Driver Monitoring System Using Computer Vision for Real-Time Detection of Fatigue, Distraction and Emotion via Facial Landmarks and Deep Learning
Round 1
Reviewer 1 Report
Comments and Suggestions for Authors-
The demographic and driving profiles of the 27 participants (e.g., age, gender, driving experience, cultural background) are not reported. This omission limits the generalizability of the findings regarding emotion recognition and behavior detection, as these factors can significantly influence facial expressiveness and behavior patterns. Please include a summary table of participant characteristics.
-
The emotion recognition model was trained on the RAF-DB dataset, which contains exaggerated expressions of fear. This does not align with the subtle, often suppressed expressions likely occurring in real driving scenarios, as evidenced by the 0% detection rate for fear. Direct application without domain adaptation or fine-tuning on in-vehicle expression data limits the model's practical utility. Consider using a driving-specific emotion dataset or applying transfer learning techniques.
-
The use of fixed thresholds for EAR (0.23) and MAR does not account for individual anatomical differences (e.g., eye shape, facial structure). This leads to misclassifications, as noted for participants with smaller eyes. Implementing a brief personal calibration phase or adaptive thresholding mechanisms would likely improve robustness and reduce false positives.
-
The distraction detection logic classifies head rotations as distractions without contextual awareness.

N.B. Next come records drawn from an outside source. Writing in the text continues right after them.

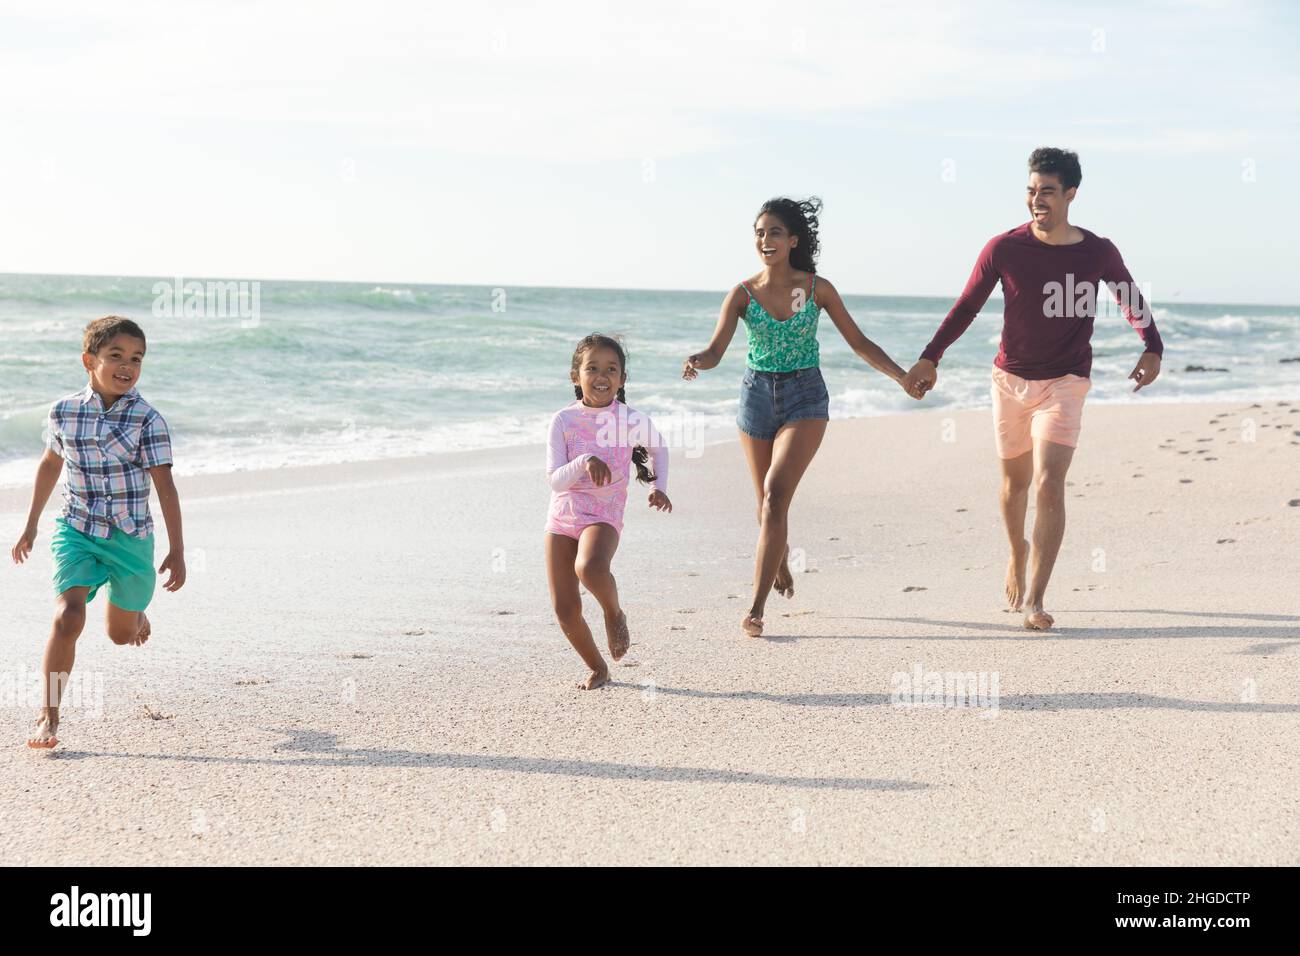 Toute la famille multiraciale court ensemble sur le rivage à la plage contre le ciel pendant la journée ensoleillée Banque D'Images
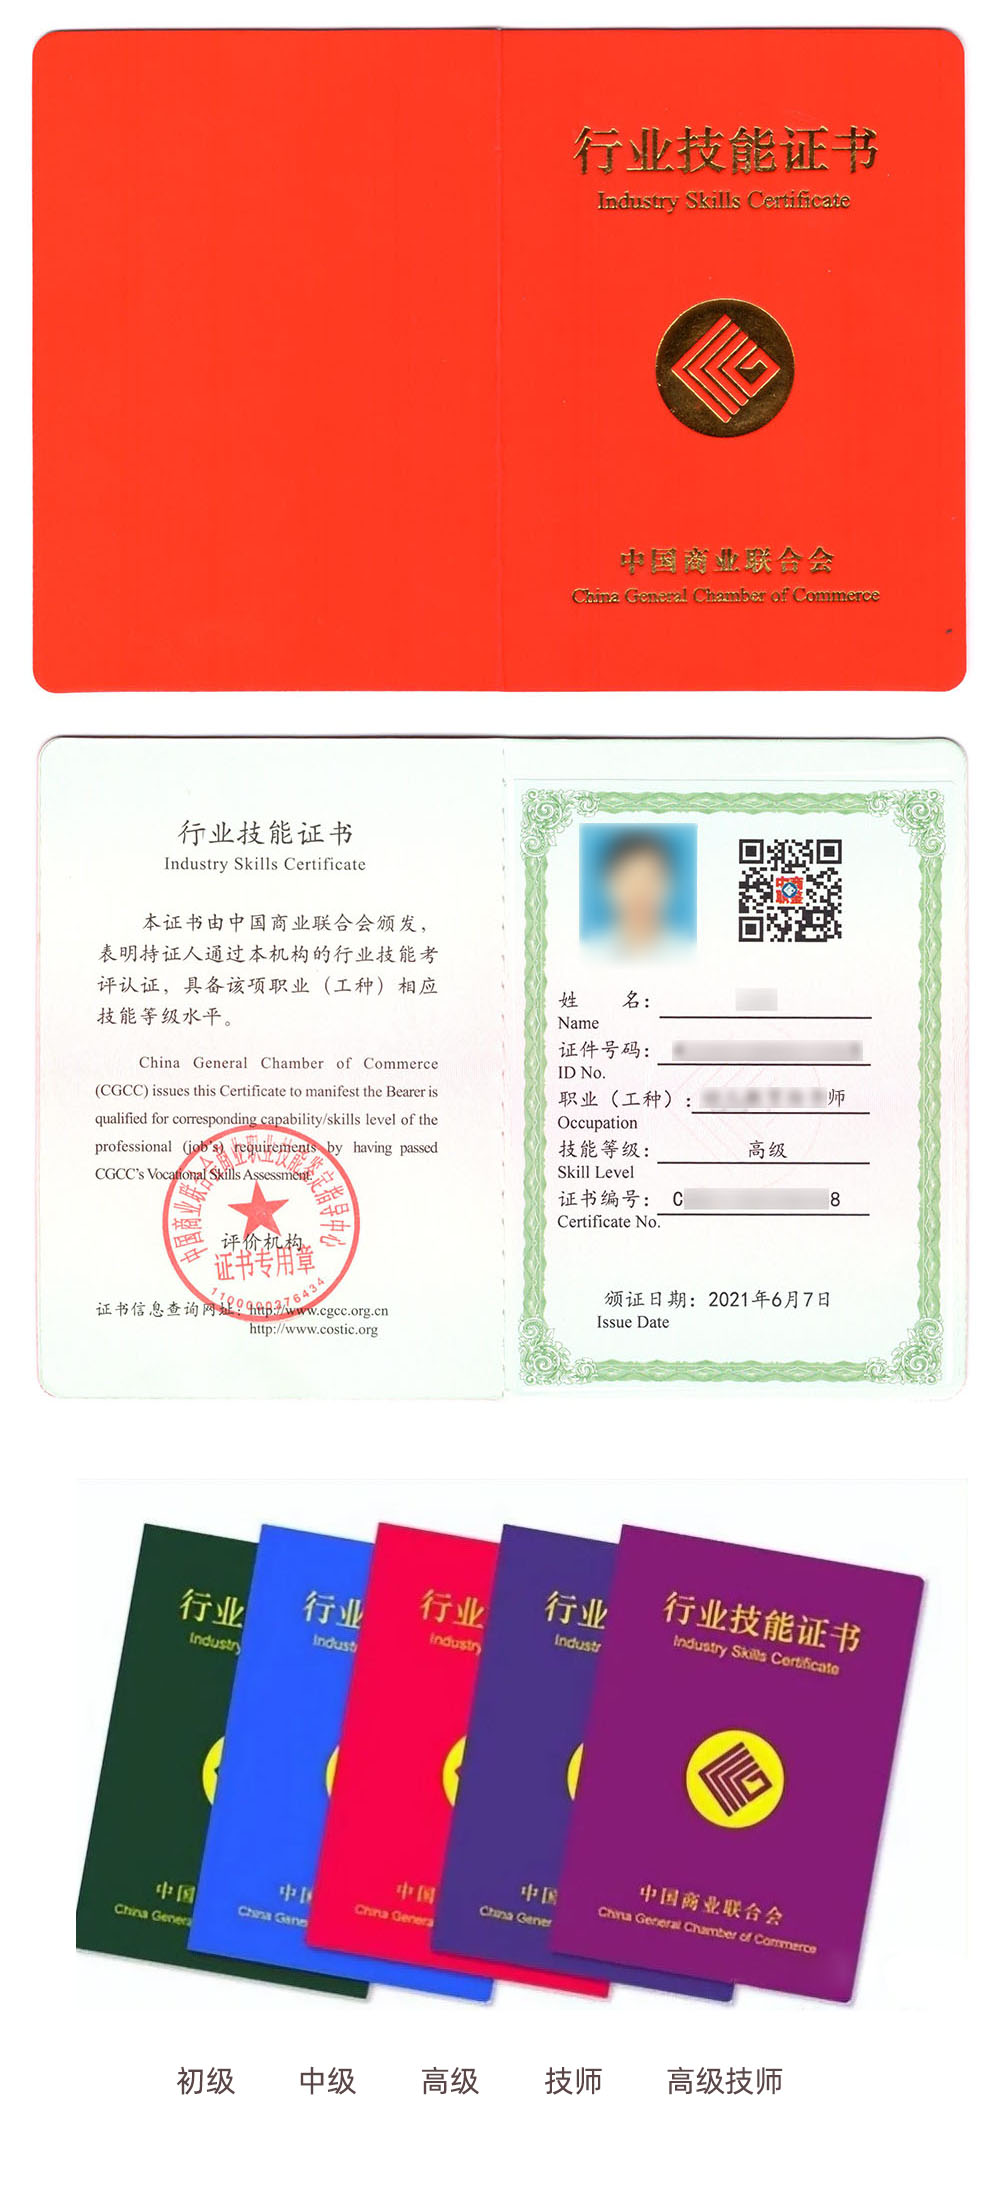 中国商业联合会商业职业技能鉴定中心 行业技能证书 餐饮管理证证书样本
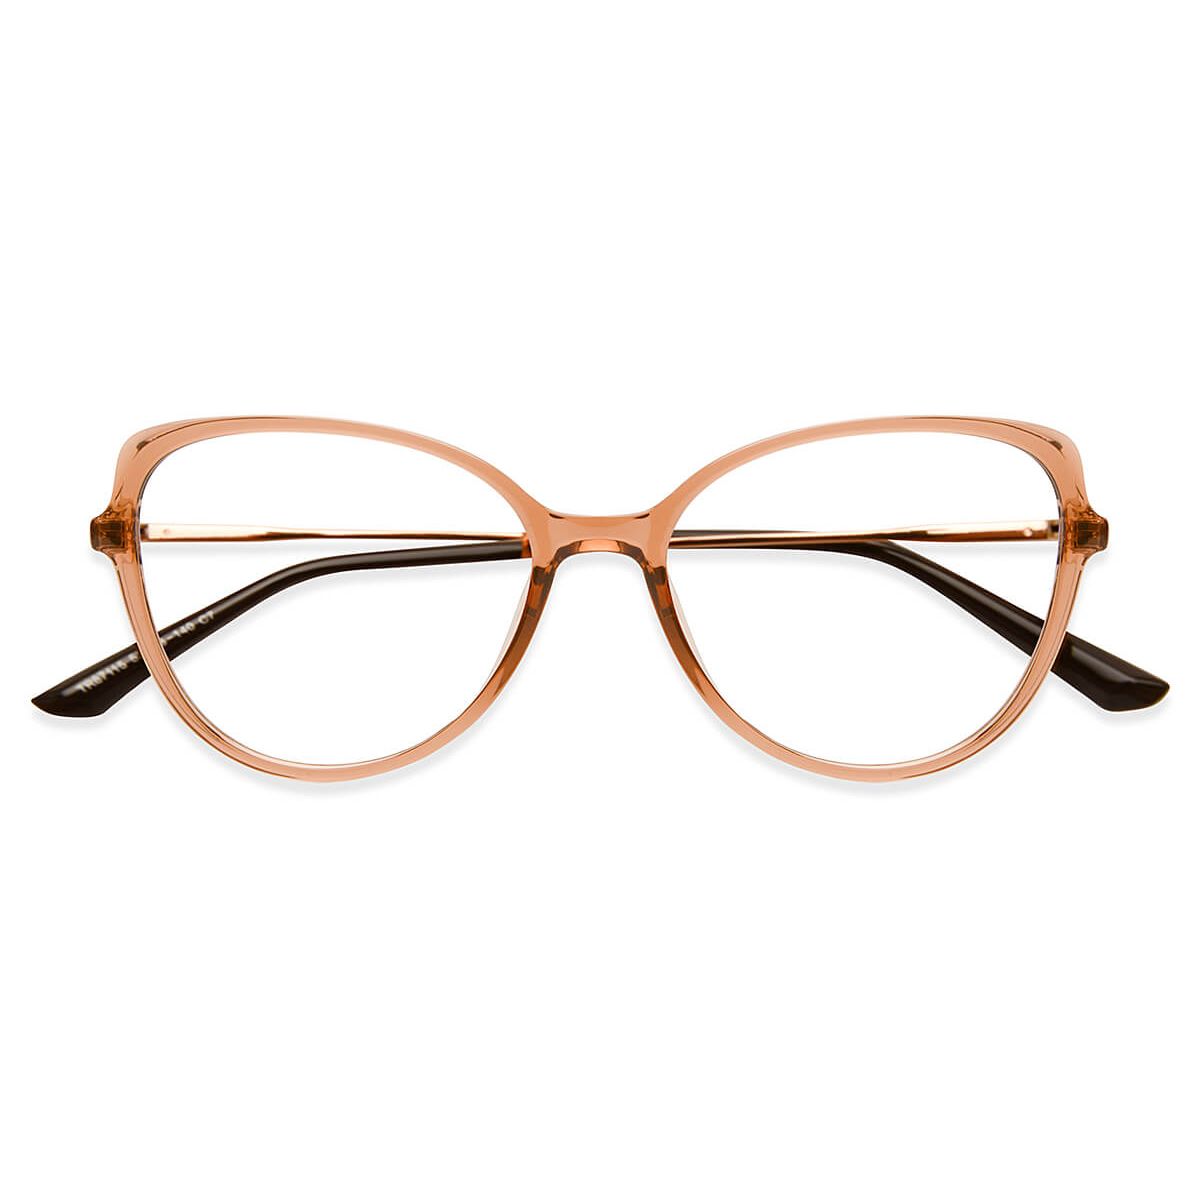 87115 Cat-eye Brown Eyeglasses Frames | Leoptique

In normal driving, looking at mirrors or checking traffic signs is essential and safe. Treating all rotations equally will generate false alarms. Integrating vehicle dynamic data (e.g., steering angle, turn signal status) could help distinguish necessary from unnecessary head movements.
-
The system evaluation employs two distinct datasets: RAF-DB for emotion and the Driver Inattention Detection Dataset for fatigue/distraction. These datasets differ in context, collection environment, and annotation standards. This inconsistency makes it difficult to assess the integrated system's performance cohesively. A unified evaluation framework on a consistent dataset is needed.
-
Conducting some tests outdoors with variable lighting conditions introduces an uncontrolled variable that negatively impacts the stability of facial landmark detection (a core component for EAR, MAR, and pose). The results in these conditions may not reflect the system's reliable performance. Lighting conditions should be controlled or systematically varied and reported.
-
The hardware specifications of the camera used for data capture (model, resolution, frame rate) are not provided. This lack of detail hinders the reproducibility of the experiments. Please specify the acquisition setup to allow for replication and comparison.
-
The validation was conducted in short-duration simulated or static settings. The system's performance under prolonged, real-world driving conditions—where fatigue accumulates and distraction patterns evolve—remains unverified. Long-term testing in actual driving scenarios is crucial to assess practical endurance and reliability.
-
While a 100% accuracy rate is reported for distraction detection, the tested scenarios appear limited to deliberate gaze deviations (left, right, up, down). It is unclear if common, more nuanced distracting activities (e.g., mobile phone use, eating, conversing with passengers) were included. The claim of perfect detection should be qualified, and the scope of tested distractions explicitly defined.
-
The study lacks a comparative analysis with state-of-the-art baseline methods or alternative architectures under the same experimental conditions (e.g., using the same subset of data or metrics). While related works are cited, a direct quantitative comparison is absent, making it difficult to gauge the relative advancement of the proposed multi-task system over single-task alternatives.
Author Response
Please see the attachment.
Author Response File:
Author Response.pdf
Reviewer 2 Report
Comments and Suggestions for AuthorsAuthors are requested to review their proposal in cases where the eyes are small, as in some cases this led to errors in the EAR estimation.
Review the EAR, MAR, and pitch values in the proposal, as the use of constant values creates limitations in the proposal.
Authors should review the MAR metric, as it may lead to lower accuracy.
Why photographs with low light?
Authors should review sudden changes in brightness, as this affects the proposal and could generate false positives.
Authors should review the recognition positions to make the proposal more efficient.
Authors should review the frame capture in relation to the focus so that it is the same in the frame-by-frame capture and does not discard temporary values.
Authors should review the analysis of micro-expressions.
Author Response
Please see the attachment.
Author Response File:
Author Response.pdf
Round 2
Reviewer 1 Report
Comments and Suggestions for AuthorsI believe the authors have addressed my concerns
Reviewer 2 Report
Comments and Suggestions for AuthorsThe authors explain and develop each of the observations.